◆ **ACTIVITY**
Apart from the pictures, every line below needs to be reproduced verbatim.

◆ **GIVEN INFORMATION**

<<<<

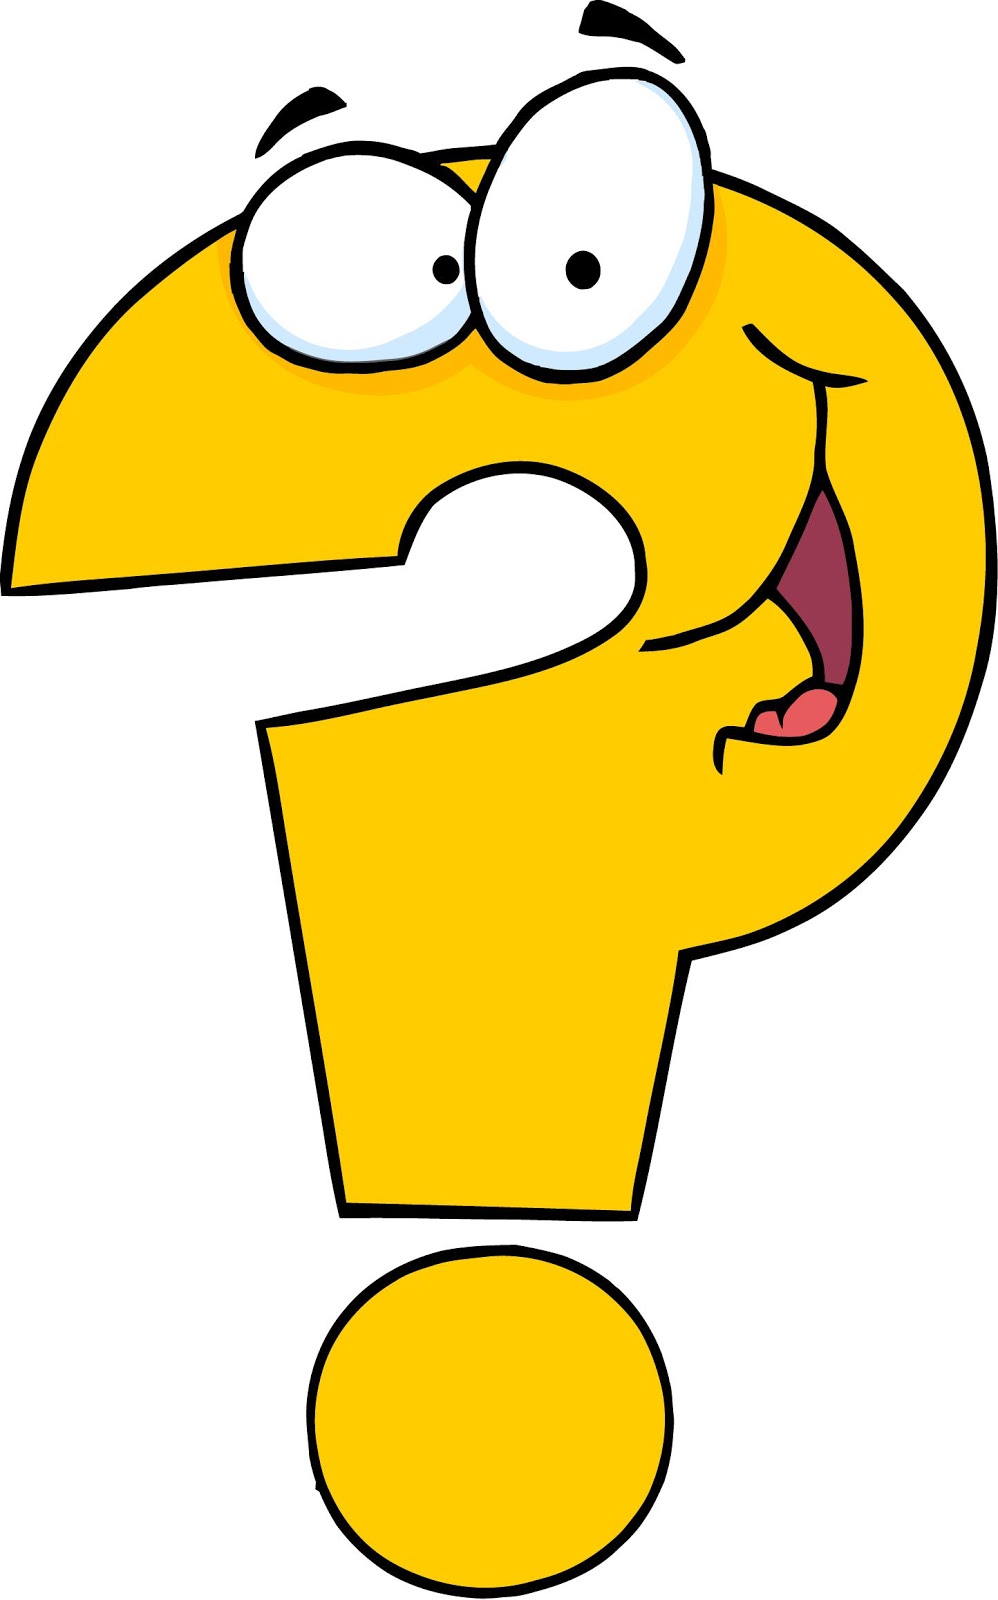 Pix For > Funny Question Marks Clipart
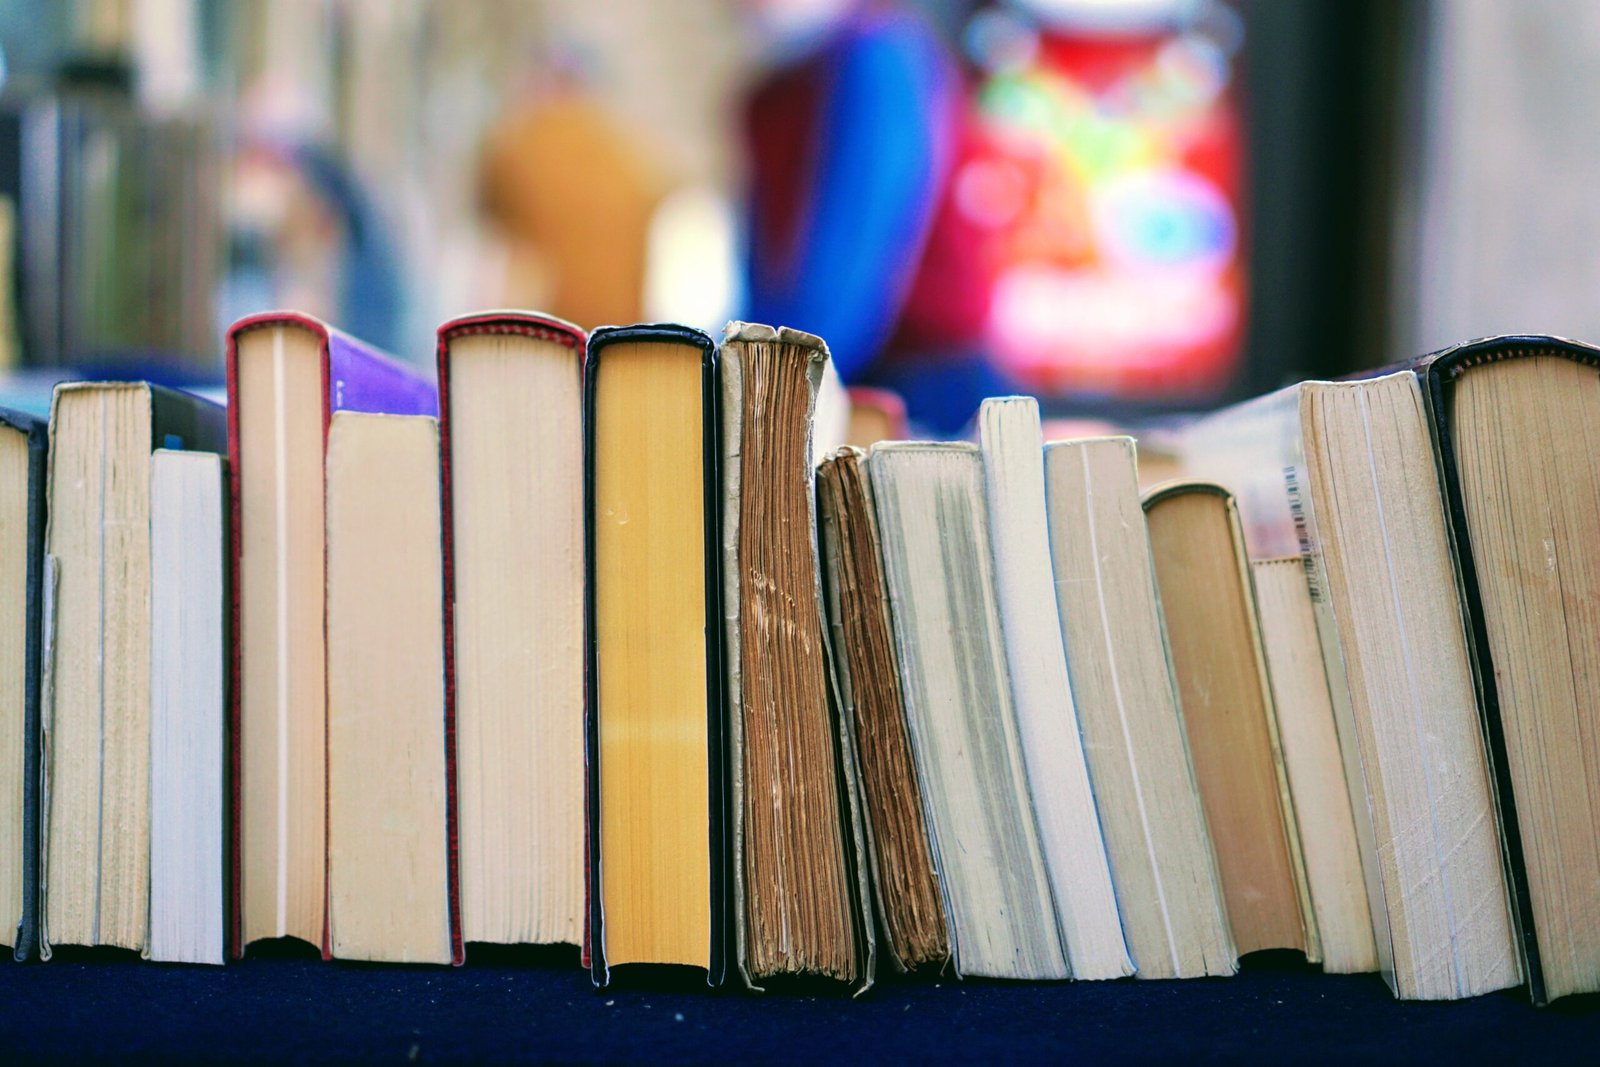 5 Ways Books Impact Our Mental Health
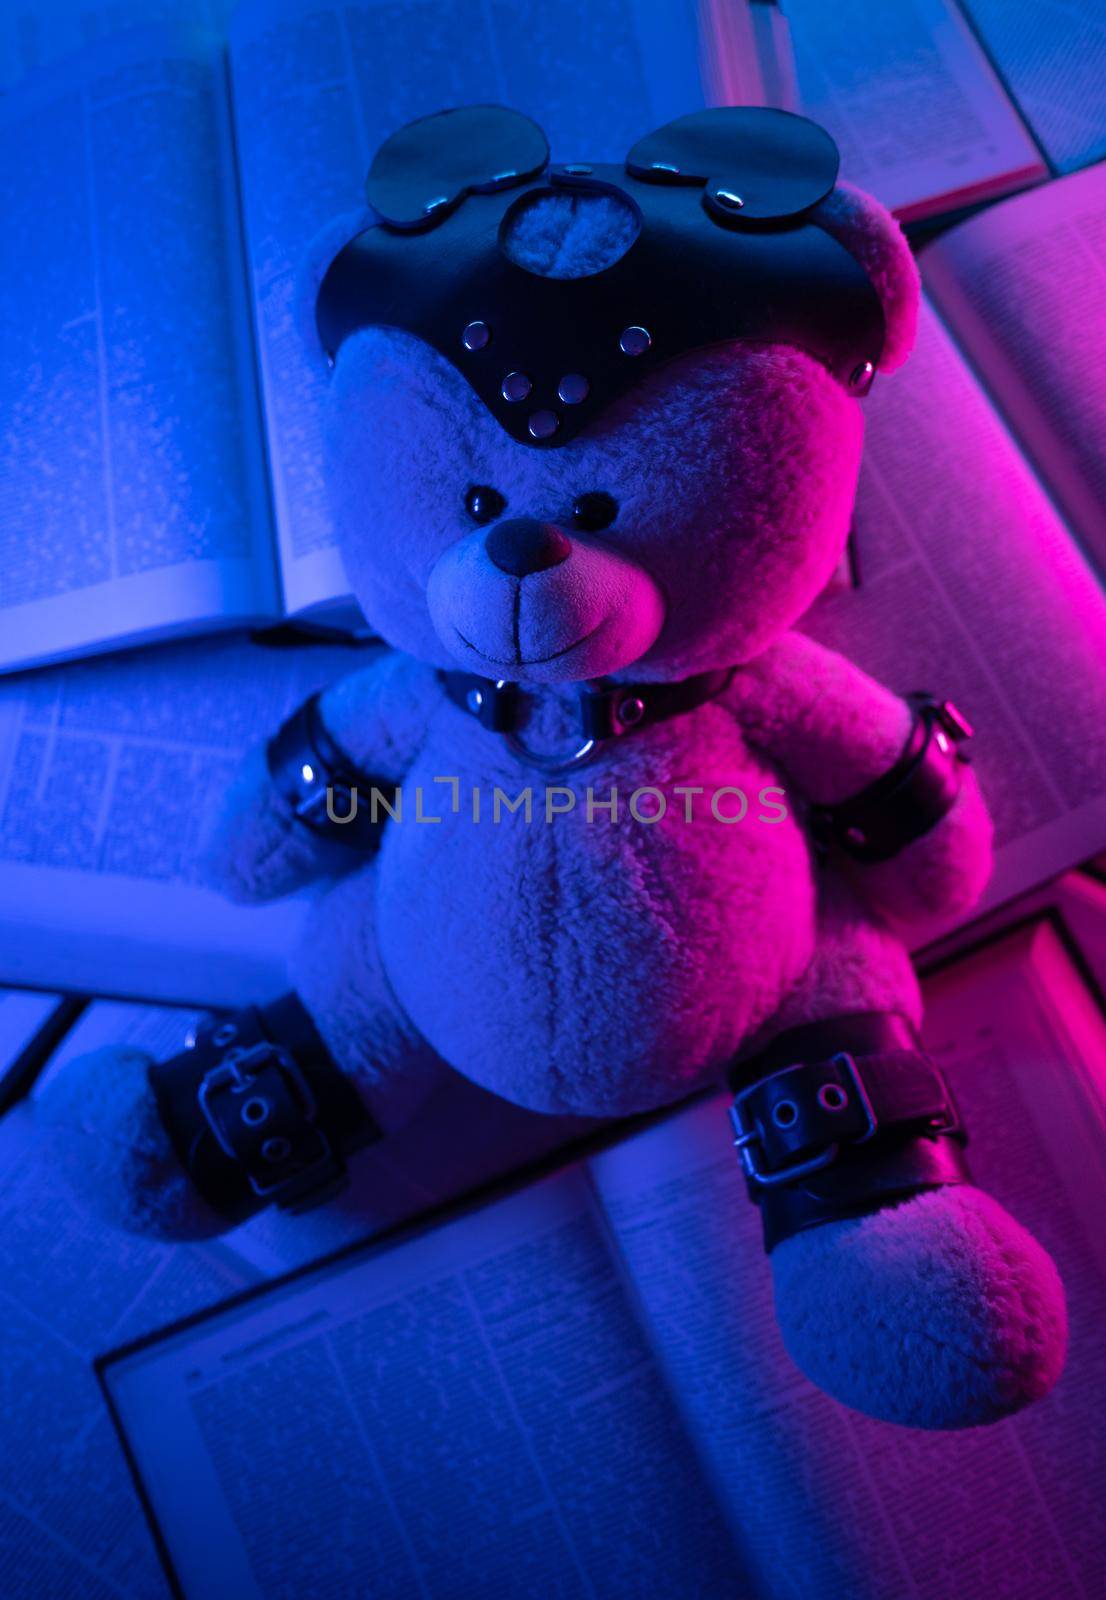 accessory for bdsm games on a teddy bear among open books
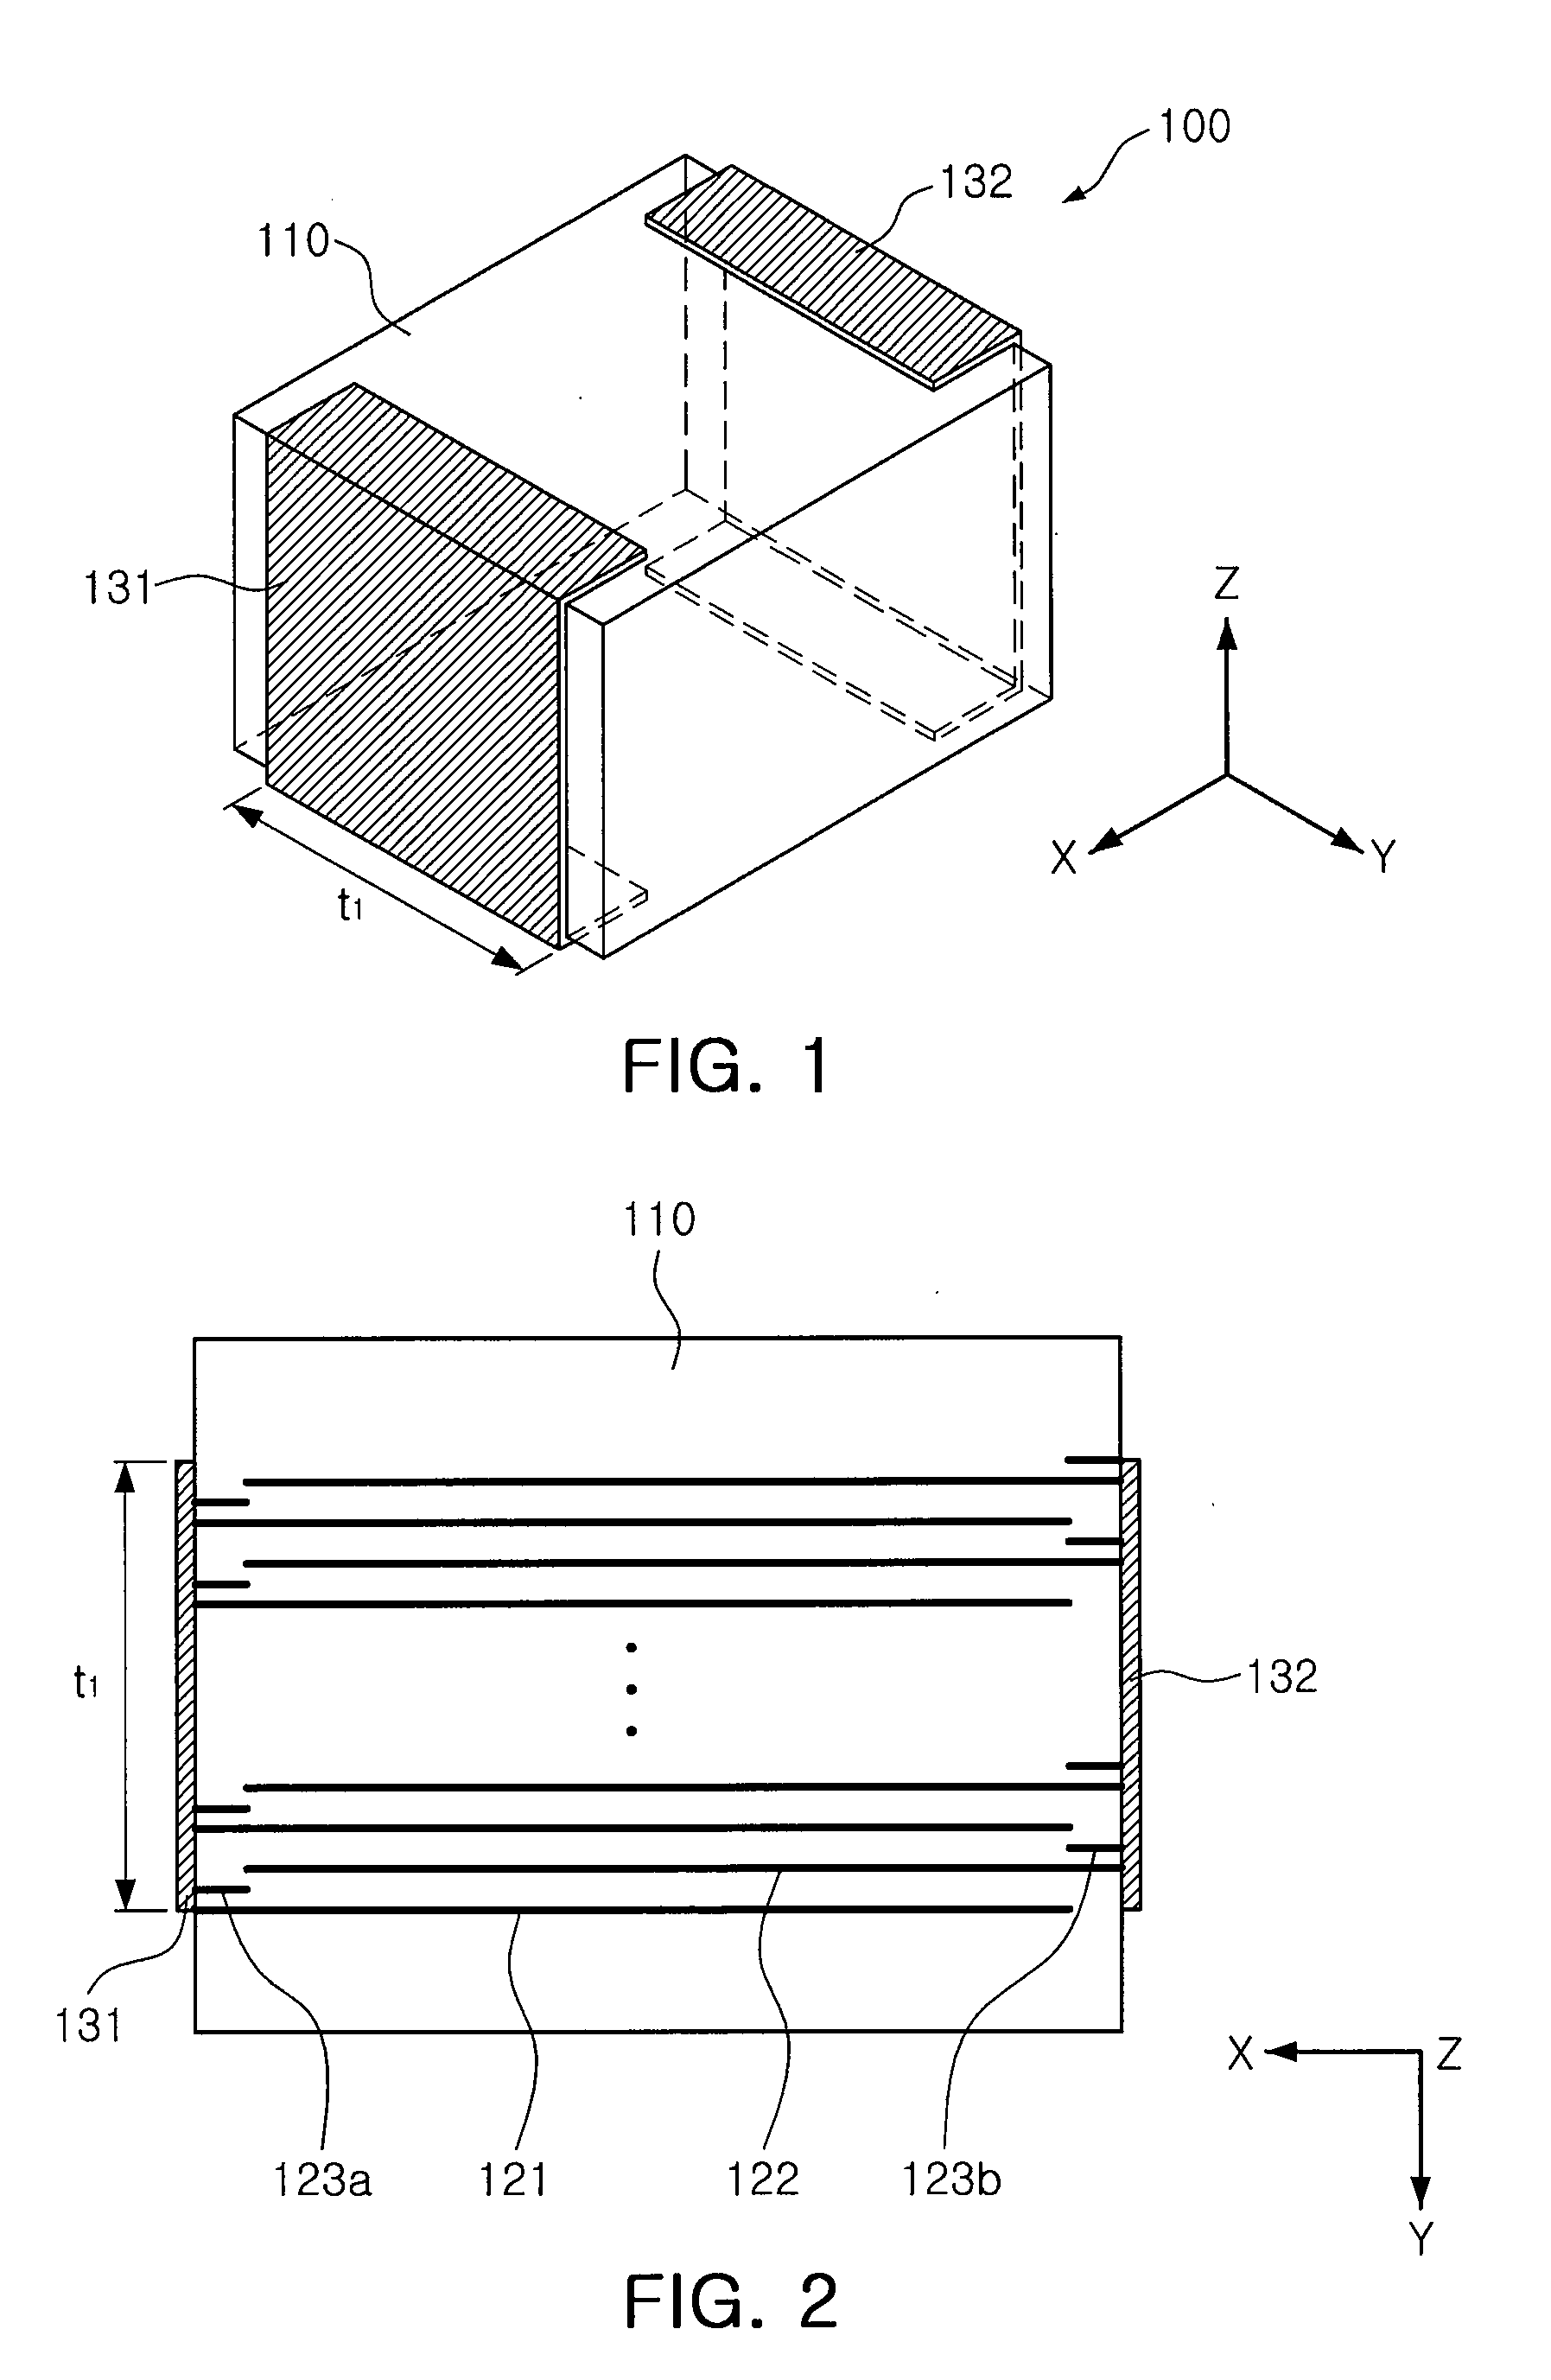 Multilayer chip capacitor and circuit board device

>>>>

◆ **COMPLETED EXERCISE**
 Pix For > Funny Question Marks Clipart
 5 Ways Books Impact Our Mental Health
 accessory for bdsm games on a teddy bear among open books
 Multilayer chip capacitor and circuit board device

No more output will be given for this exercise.